Tyson Holloway-Clarke is a well-known face around the Parkville campus. Our interview was punctuated by a stream of students, academics and professional staff waving, shouting hello, trying to organise meetings and promising to return emails. As the newly elected President of the University of Melbourne Student Union, Tyson is in high demand, and he says he likes his days to be full. Combining study in his Bachelor of Arts with the presidency of UMSU, playing hockey and rugby, and reading Harry Potter to unwind, full they certainly must be.

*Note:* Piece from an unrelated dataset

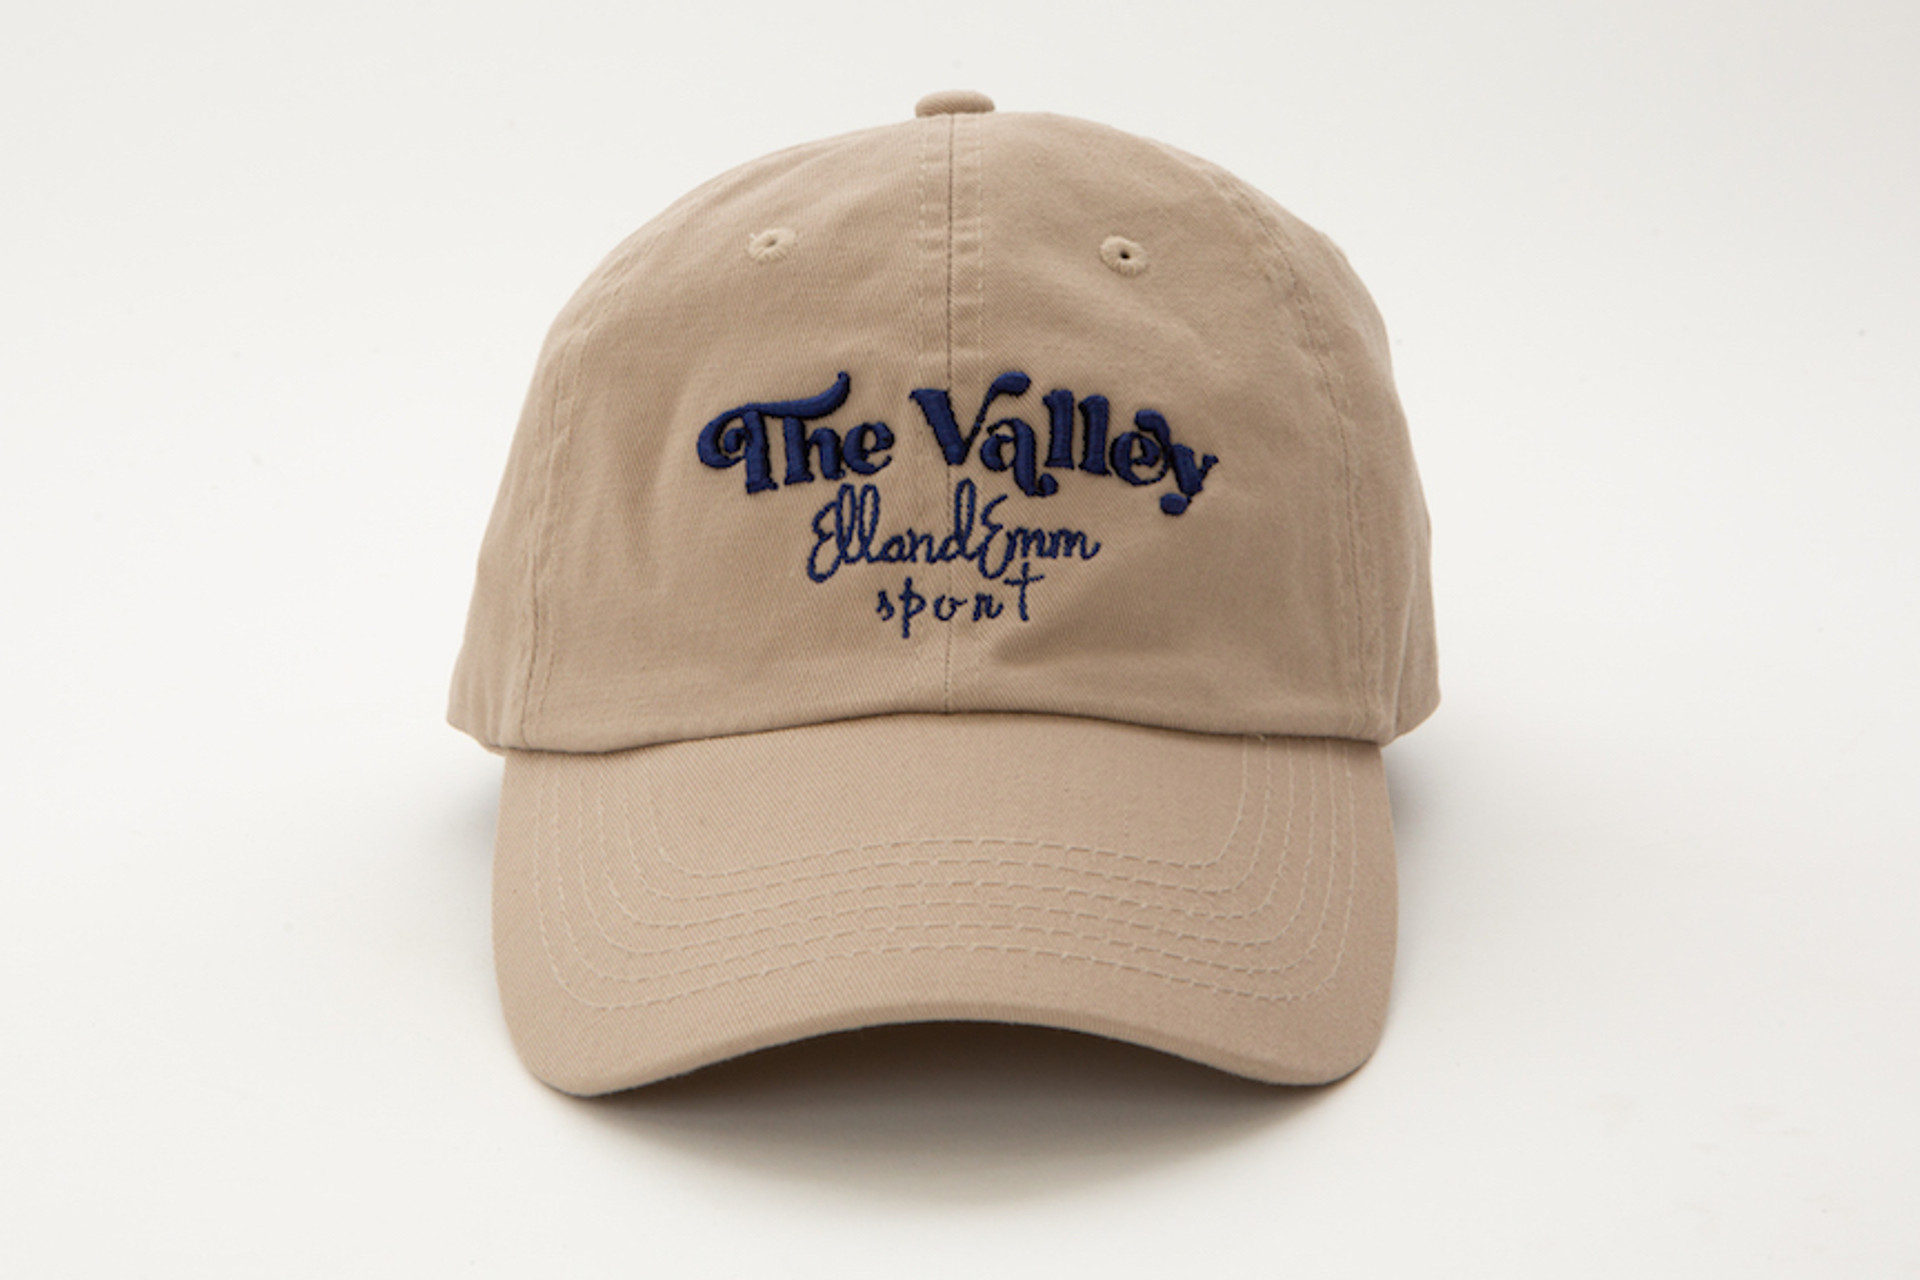 The Valley Tee - EllandEmm

Tyson has been involved with the student union and Murrup Barak Melbourne Institute for Indigenous Development as a counsellor and representative for Indigenous students on campus for several years. He believes that active involvement is critical to creating real and meaningful change in any organisation, saying ‘if you’re not loud you’re not going to be heard’. Predicting the biggest year of change for UMSU, Tyson describes his style of leadership as consultative. Recognising that a single person can only do so much and that students have to be the change they want to see, he chooses to focus his energy on empowering the team around him, with the idea that “social change comes from social leadership”.
Majoring in history in his Bachelor of Arts, Tyson plans to start Honours in history next year basing his thesis on the heavy government dossier he has uncovered on his grandmother. The dossier will be the basis of an exploration of the documents he has uncovered, as well as an investigation into how files like this are put together and the effect they have on the lives they record. Often, Tyson believes they demonstrate prejudice against a group or an individual. Tyson hopes a PhD focused on Indigenous Australian history will follow his Honours.
Thanks to a recent rugby injury, Tyson is currently using a mobility scooter to get from Trinity College, where he is a resident, to the main campus. Cruising around on a chilly winter morning in shorts, Tyson was quite unconcerned by the weather, pointing out that as he comes from Tasmania, he’s used to it.
Where are you from? Tell us about life before the University of Melbourne.
I moved around a lot as a kid. I’d lived in the NT, QLD, ACT and TAS before I finished primary school. In 2006 I was the recipient of an academic scholarship and Yalari scholarship and in 2007 I started high school at Scotch Oakburn College. While I was there I played a lot of sport, developed a wide range of skills and faced a number of challenges. Living away from home was a challenge sometimes but I also grew highly independent.
Why did you choose to study the Bachelor of Arts?
History has been a passion of mine since I was a kid. I had a subscription to Horrible Histories and I used to read them cover to cover and thoroughly enjoy them. Coming to University, the choice for me was clear that History would be my home.
What has been the most interesting part of your study so far?
It is really hard to see your progress when you are neck deep in work but taking a break and reading an essay you wrote in first year or talking with a mate it becomes clear that you have come a long way. Being able to feel the difference in your skills and knowledge is hugely gratifying.
What has been the biggest challenge been?
At the end of 2014 my good friend Josh Hardy was killed just before exams. That exam period and summer was really hard to deal with both personally and academically.
What is something interesting you have discovered about your study area?
The discoveries have been small and continuous in history. Uncovering the next fact or a different understanding happens almost every day but the biggest epiphanies have been through taking sociology and political theory and applying them to history.